To identify financial market participants’ expectations, we follow the method of McCulloch (1971, 1975), which was recently applied by Bayer et al. (2019), and estimate (non-parametrically) yield curves for a large sample of non-financial corporate bonds. We use data for bonds of different maturities found in France, Germany, Italy and Spain, between 01 January 2020 and 27 March 2020. This approach allows us to create a differentiated perspective on the topic. First, we can illustrate how financial market participants’ expectations towards the pandemic differ in the short- and long-run. Second, we can carry out an event study and relate the evolution of the yield curves during the pandemic to the most important monetary and fiscal policy measures taken implemented at the European and national level so far.
It is clear by now that COVID-19 is going to have long-lasting negative consequences on the economy. Policymakers must apply their measures optimally to counteract the downturn. They must ensure that their decisions are well-informed and based on thoroughly conducted empirical evaluations.

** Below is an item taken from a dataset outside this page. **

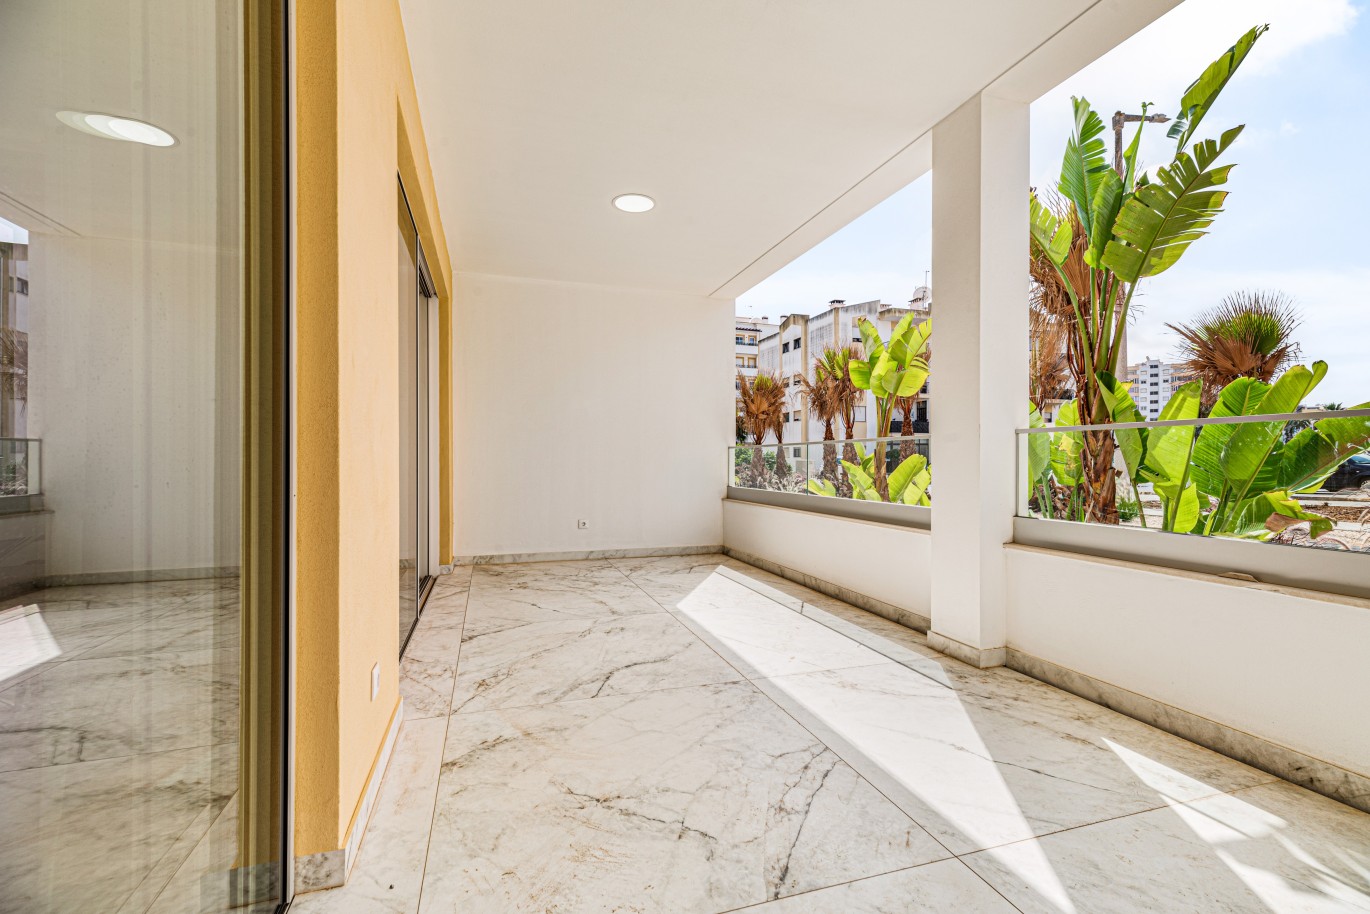 Apartamento, com terraço, para venda, em Lagos, Algarve_238176

The results of our study can provide useful clarity, putting the quickly prepared monetary and fiscal policy measures (taken in Europe between February and March 2020) in context, helping to draw lessons for the next decisions to come. In light of our findings, we propose that (i) the policy interventions undertaken so far seem to be going in the right direction, but do not yet suffice, and (ii) that this is especially true of the fiscal policy measures, which have to be larger in size. Finally, (iii) monetary and fiscal policy responses have to be coordinated on the European level, in order to be effective.
Financial market participants expect long-lasting negative economic consequences of COVID-19
As shown in Figure 1, non-financial corporations in each of four studied countries experienced a sudden and extreme increase in financial risk from the beginning of March 2020. This is particularly clear on 9 March 2020 (shown by the black vertical line in Figure 1), which coincides with the global stock market crash, the start of the lockdown in Italy (caused by the arrival of the COVID-19 pandemic in Europe), and accelerating yield increases. The impact is most noticeable in Italy, where the five-year yields almost tripled over the following days. Moreover, the pandemic seems to influence all maturities, especially in the long run. Since mid-March, the five-year maturities in all of the listed countries increased drastically, meaning that the pandemic’s negative economic consequences are currently still expected to be long lasting.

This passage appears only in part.